## Given information
————
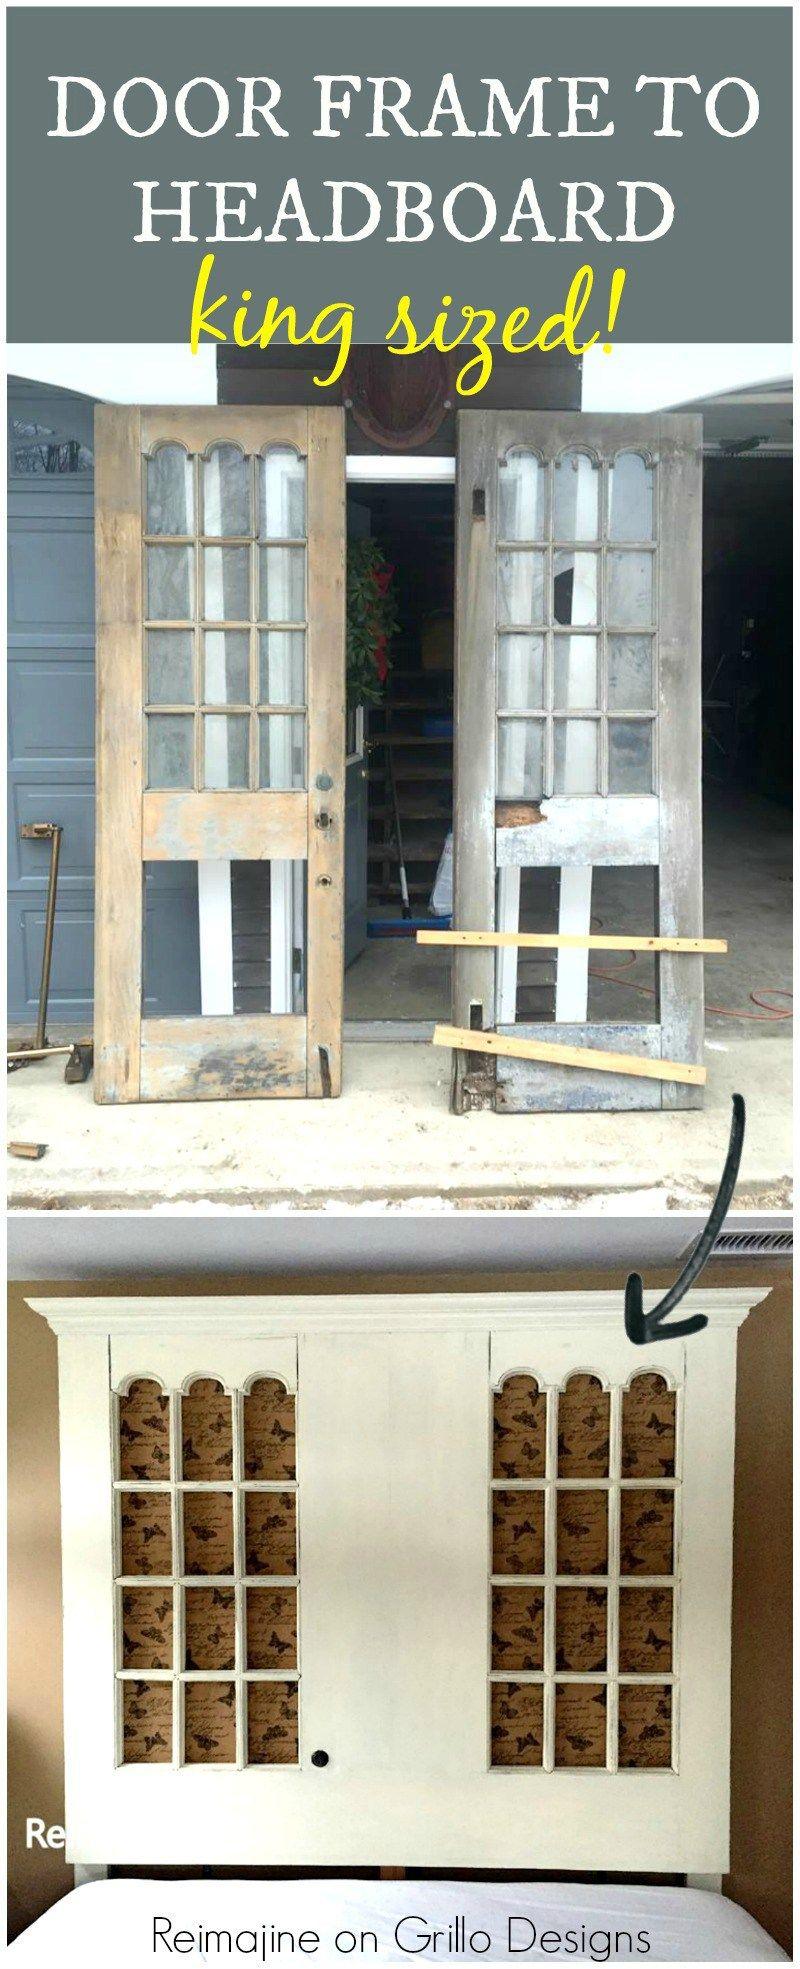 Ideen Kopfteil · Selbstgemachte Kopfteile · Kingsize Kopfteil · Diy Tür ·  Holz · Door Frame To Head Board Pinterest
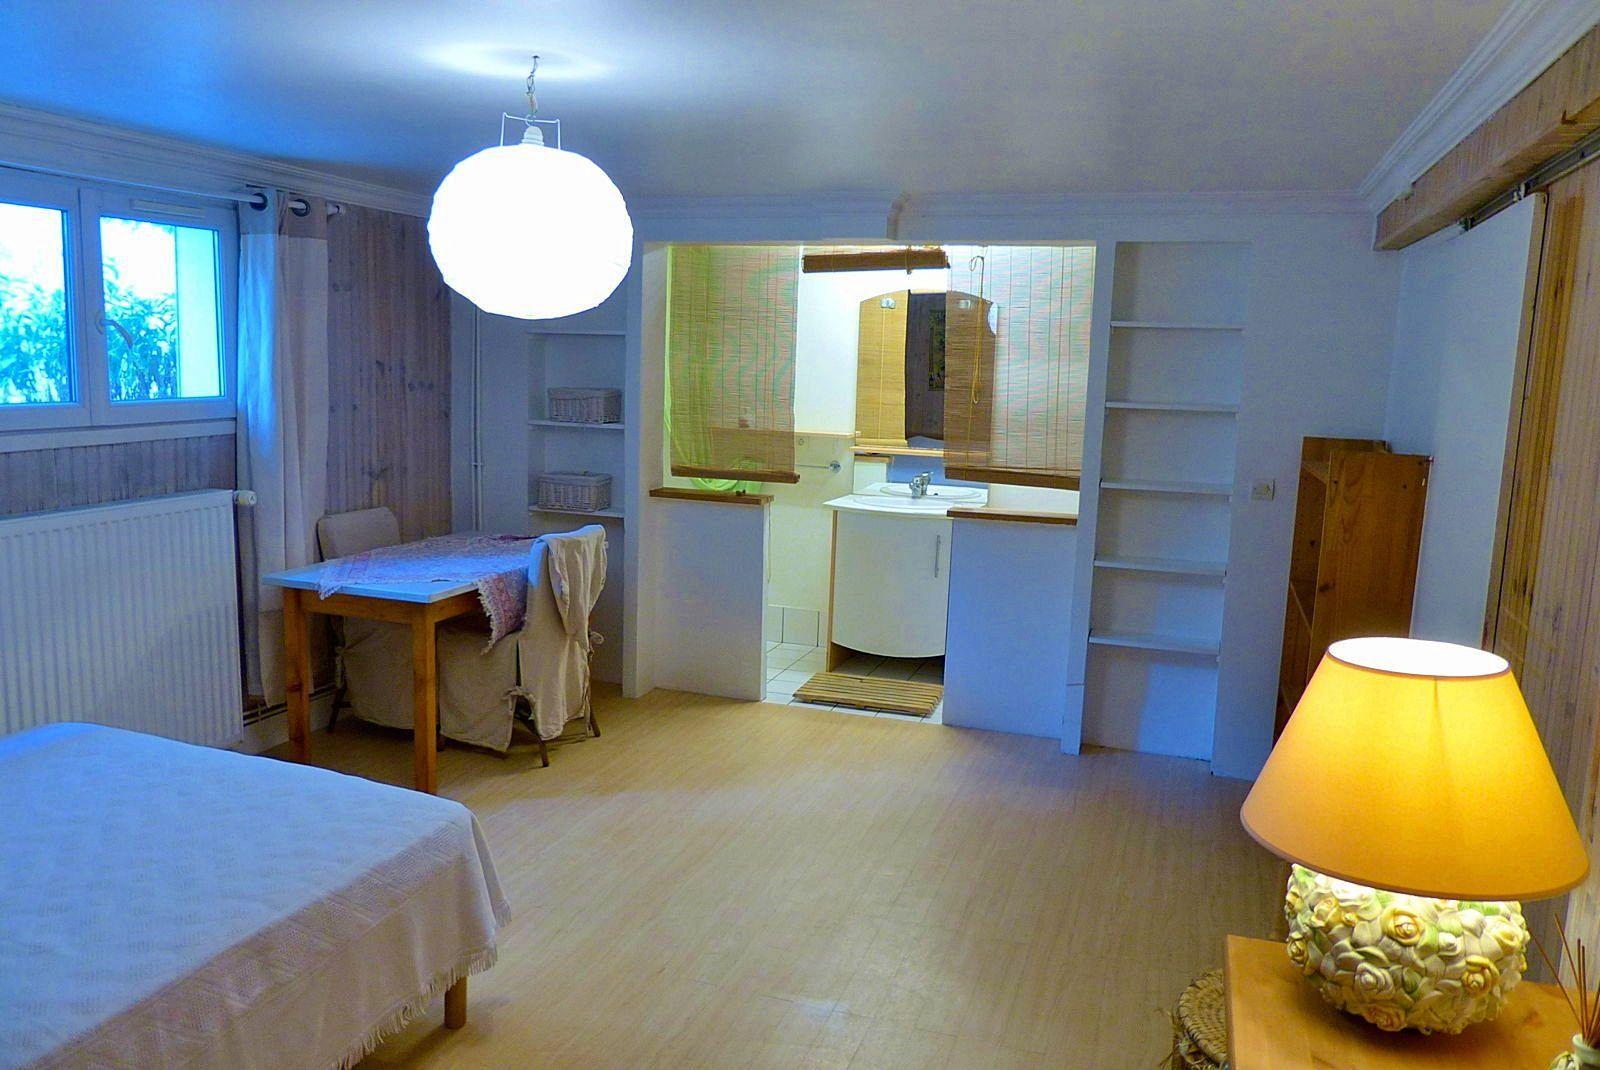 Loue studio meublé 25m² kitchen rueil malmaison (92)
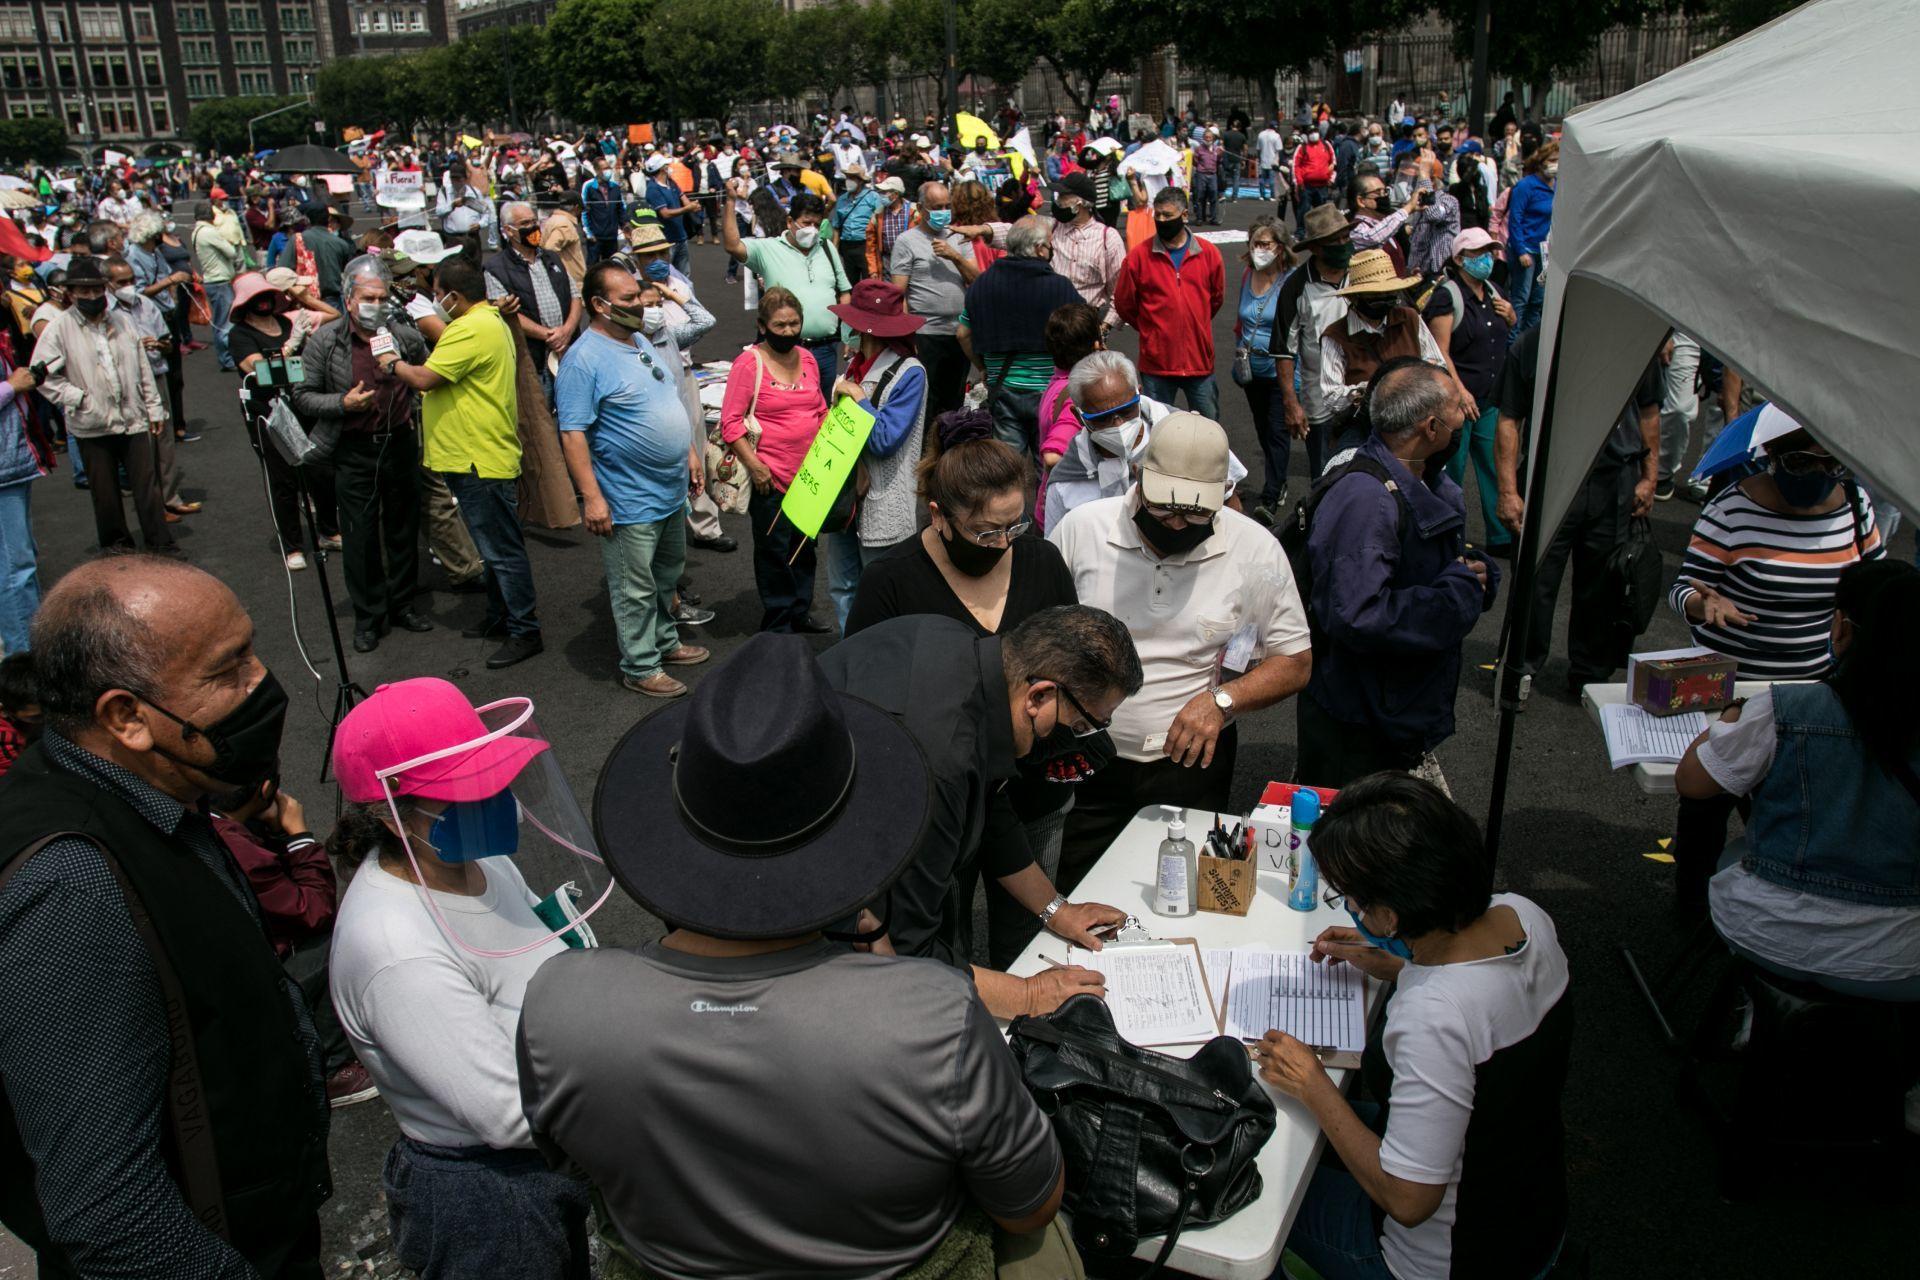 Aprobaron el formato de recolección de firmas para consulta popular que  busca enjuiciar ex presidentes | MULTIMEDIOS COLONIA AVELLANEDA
————
## Task goal
Each line above should be output exactly, apart from the pictures.

## Answer section
 Ideen Kopfteil · Selbstgemachte Kopfteile · Kingsize Kopfteil · Diy Tür ·  Holz · Door Frame To Head Board Pinterest
 Loue studio meublé 25m² kitchen rueil malmaison (92)
 Aprobaron el formato de recolección de firmas para consulta popular que  busca enjuiciar ex presidentes | MULTIMEDIOS COLONIA AVELLANEDA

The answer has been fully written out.